Recorded data
- - -
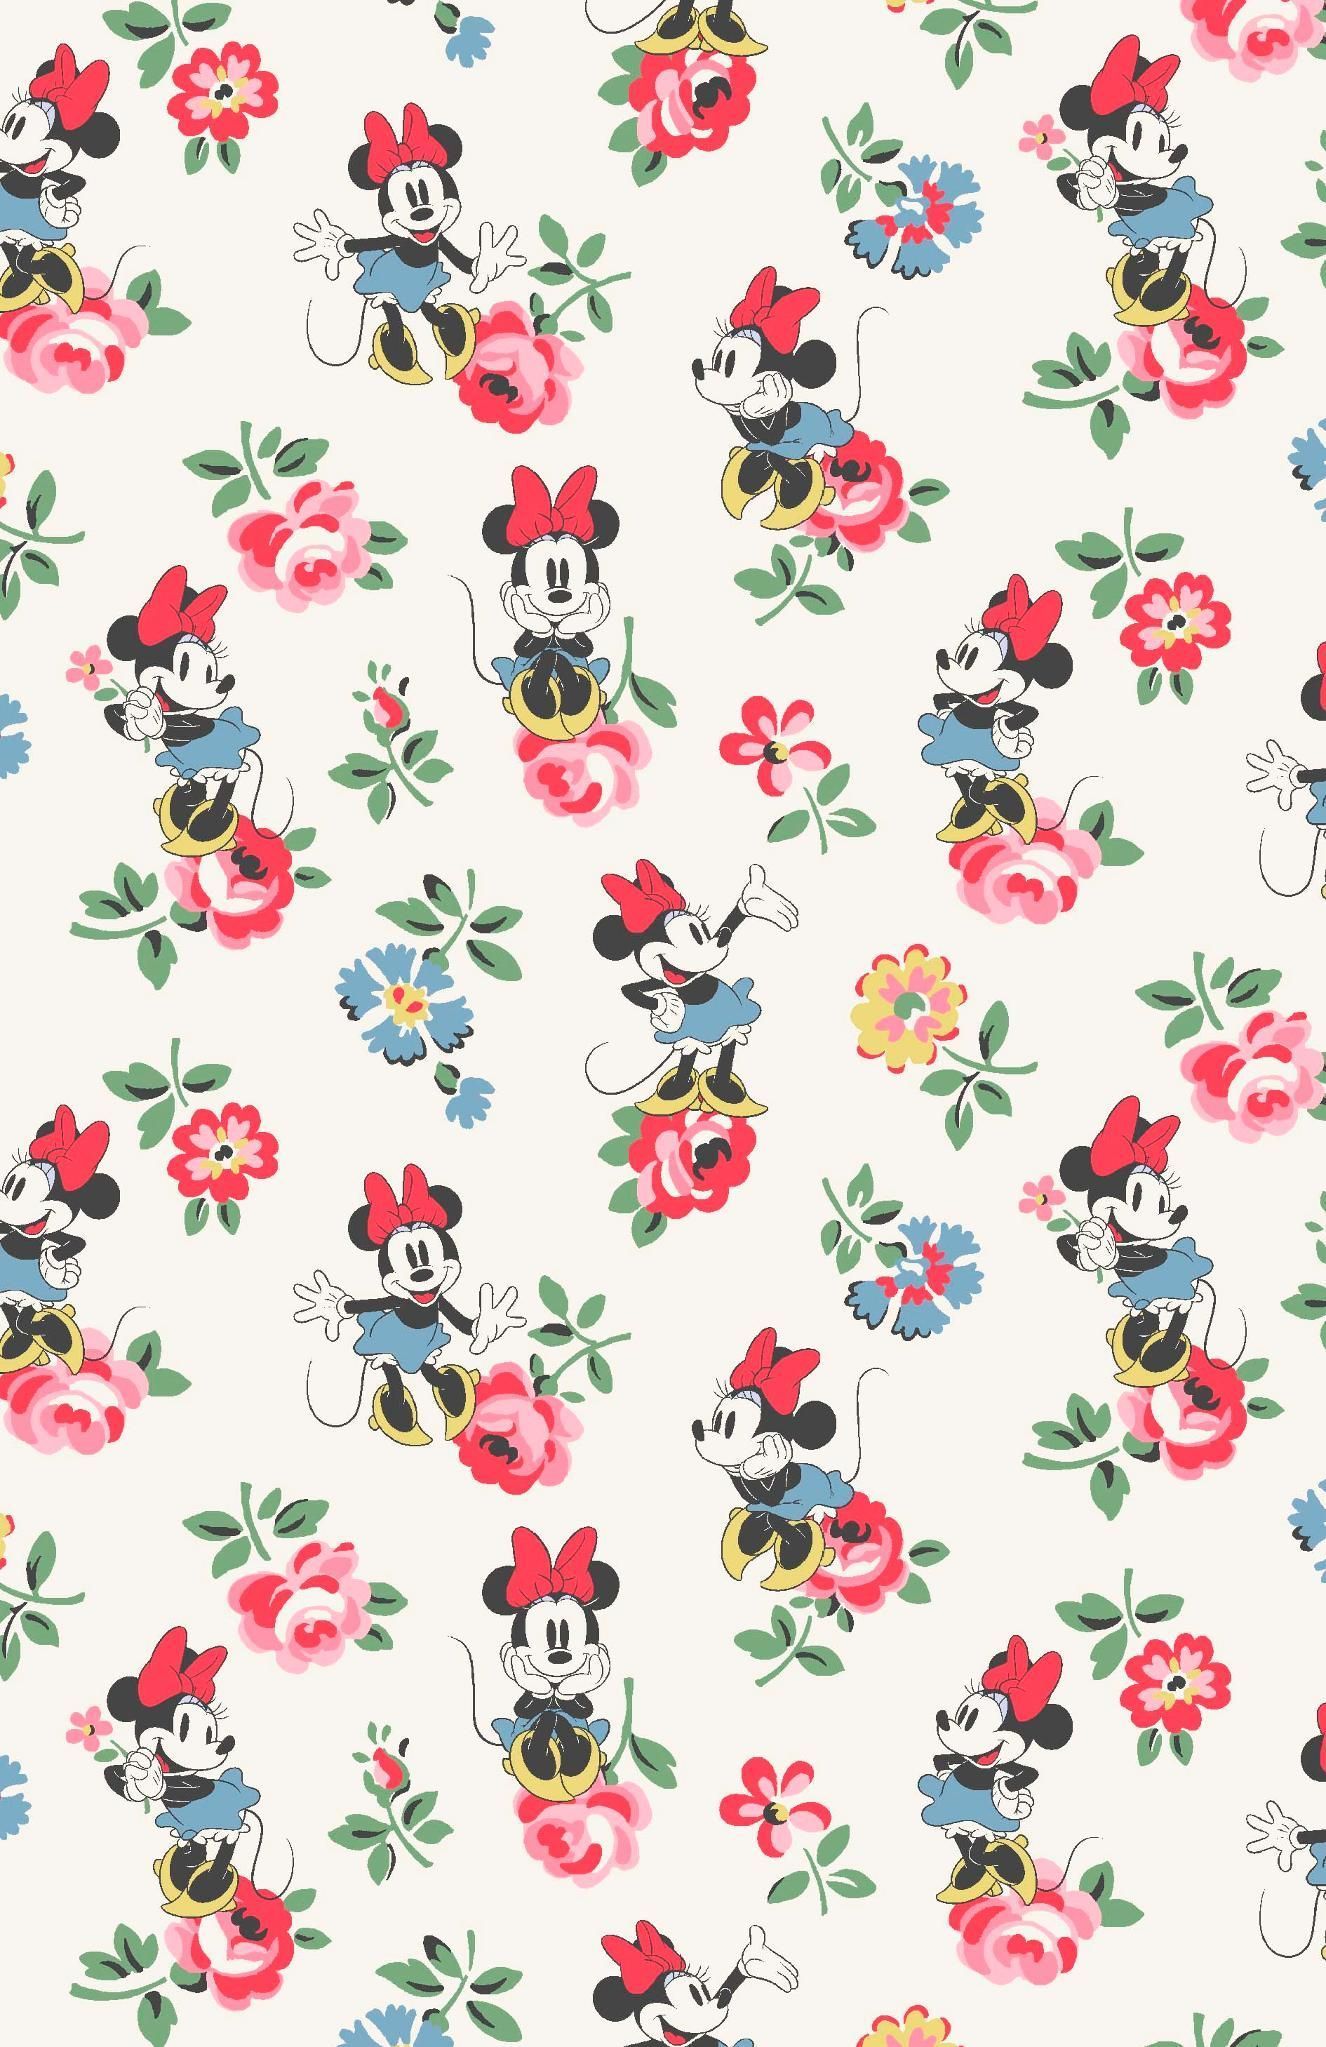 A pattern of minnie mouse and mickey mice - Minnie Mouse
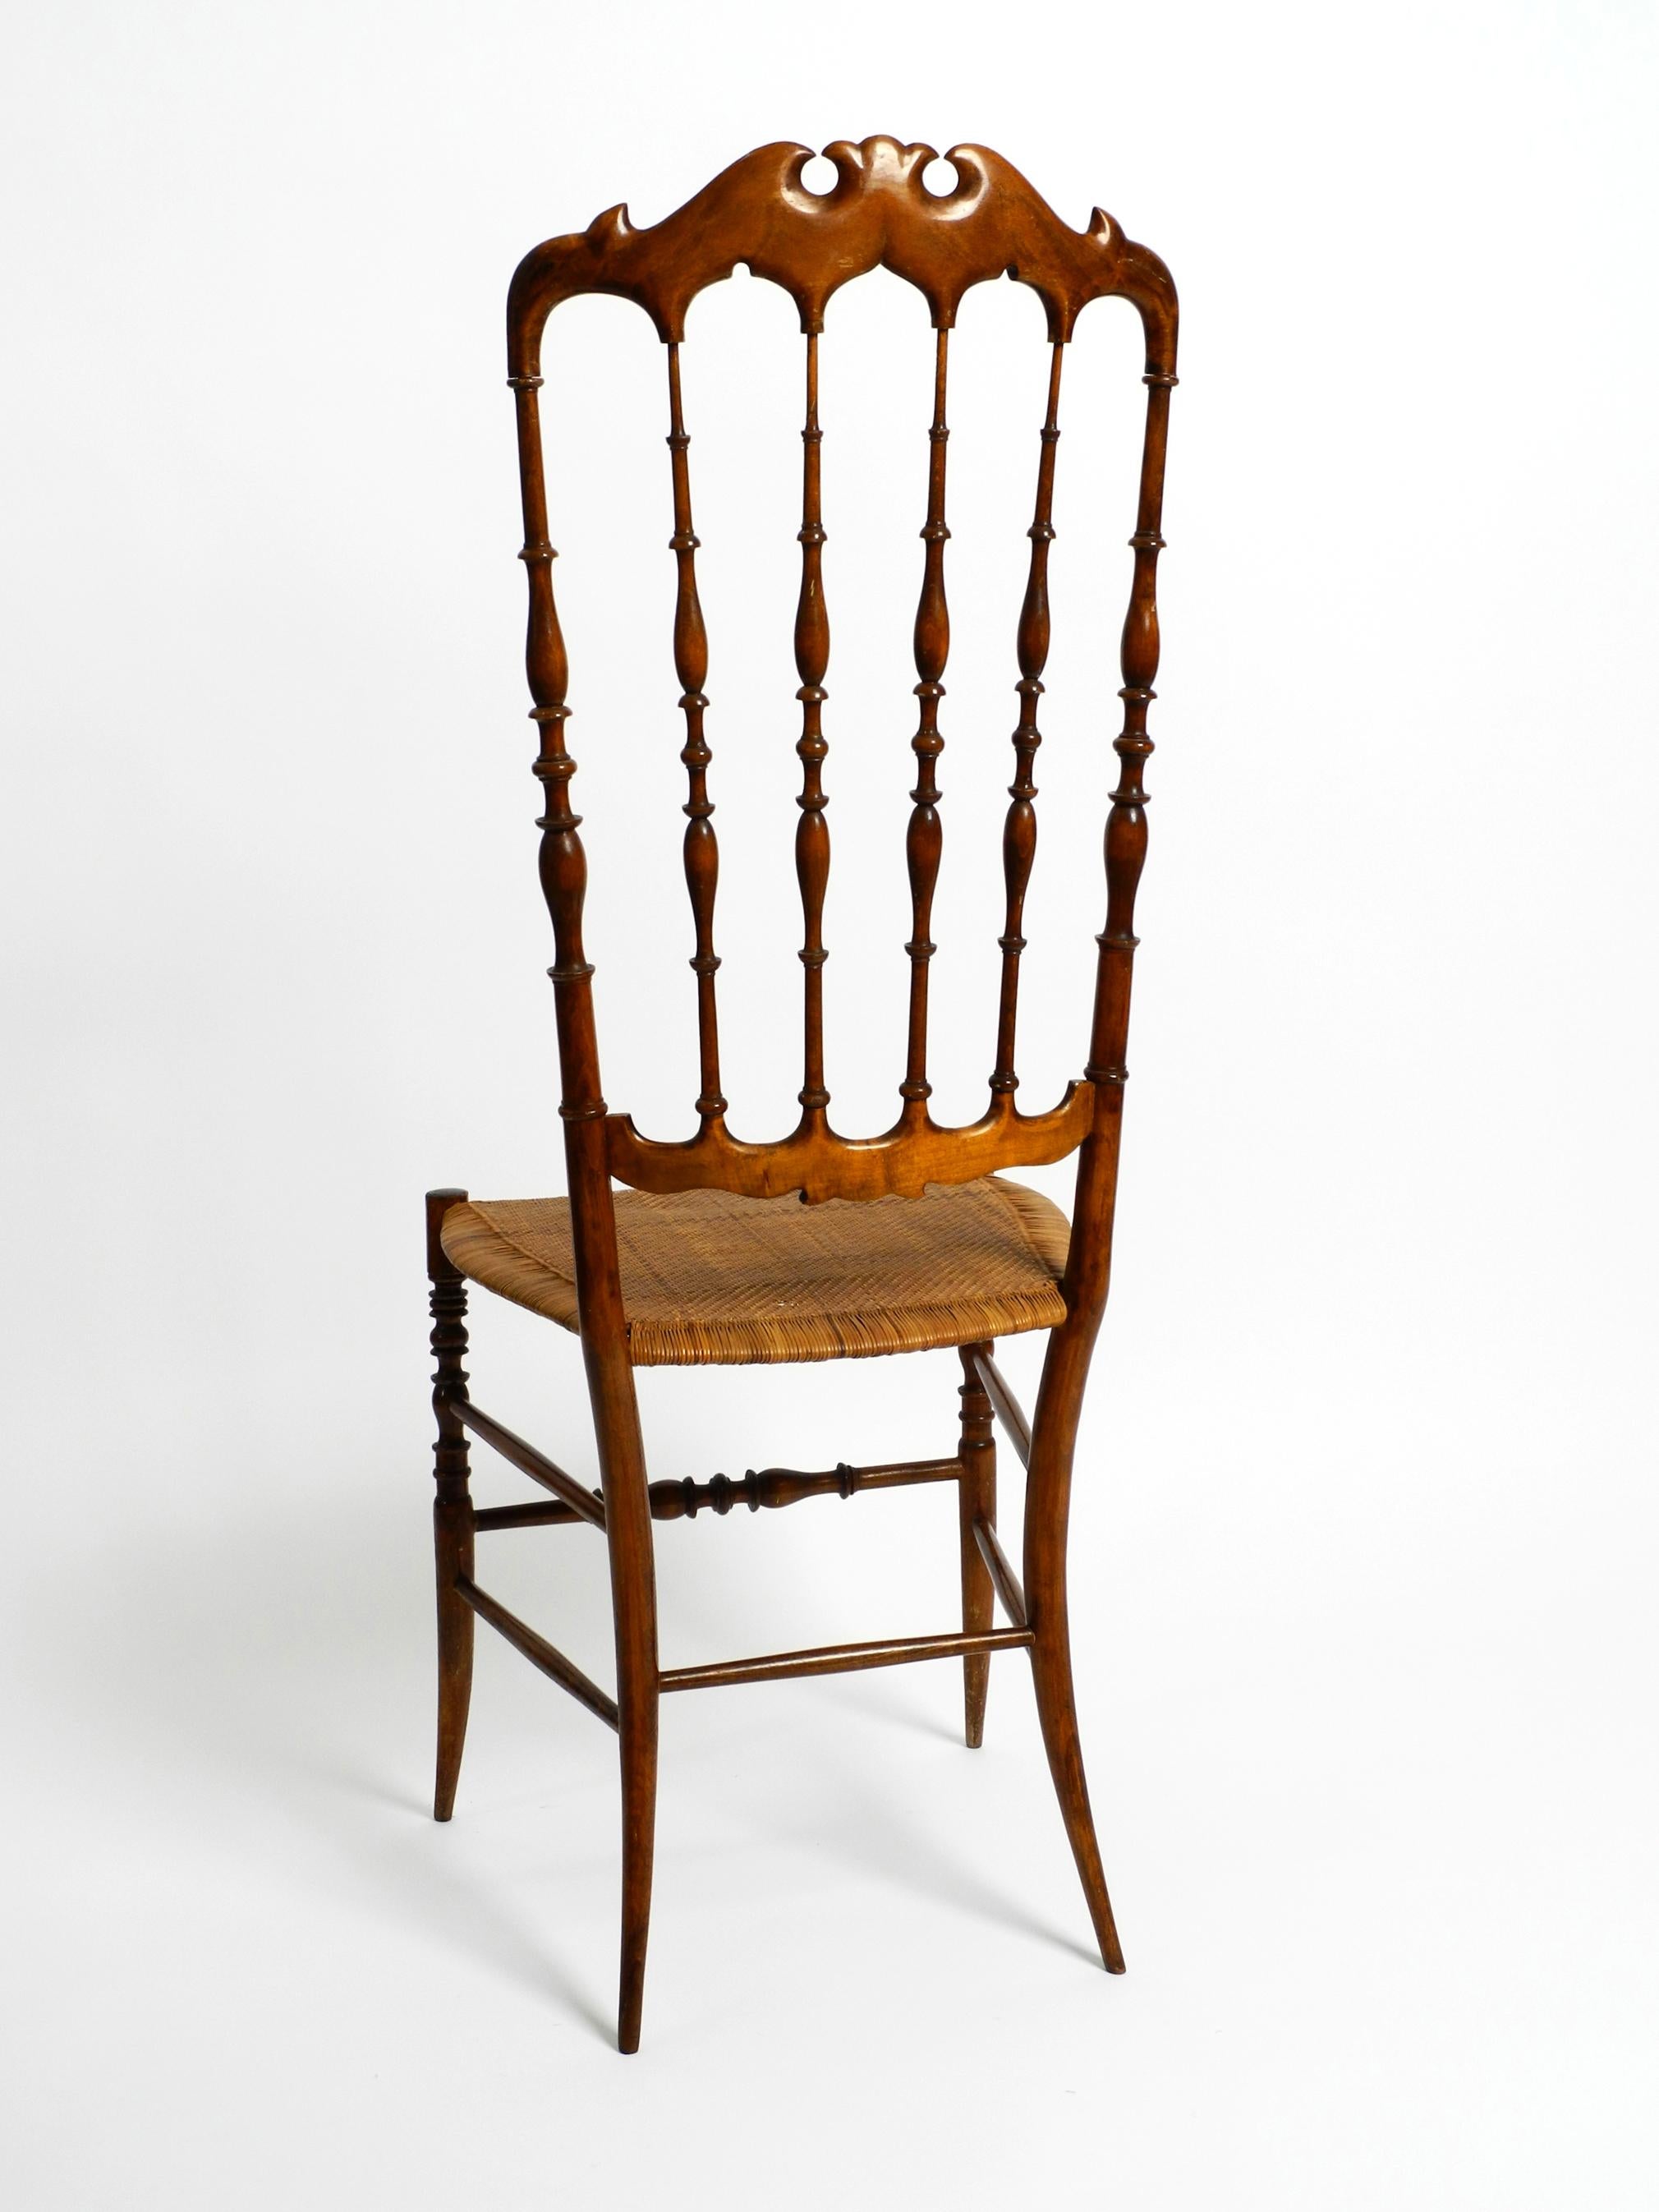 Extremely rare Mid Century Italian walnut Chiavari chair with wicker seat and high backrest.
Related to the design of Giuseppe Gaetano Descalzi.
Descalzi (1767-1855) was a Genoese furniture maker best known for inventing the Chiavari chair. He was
- - -
Exercise
Return the material above in exact form. Pictures stay out.

Answer to this problem
 A pattern of minnie mouse and mickey mice - Minnie Mouse
 Extremely rare Mid Century Italian walnut Chiavari chair with wicker seat and high backrest.
Related to the design of Giuseppe Gaetano Descalzi.
Descalzi (1767-1855) was a Genoese furniture maker best known for inventing the Chiavari chair. He was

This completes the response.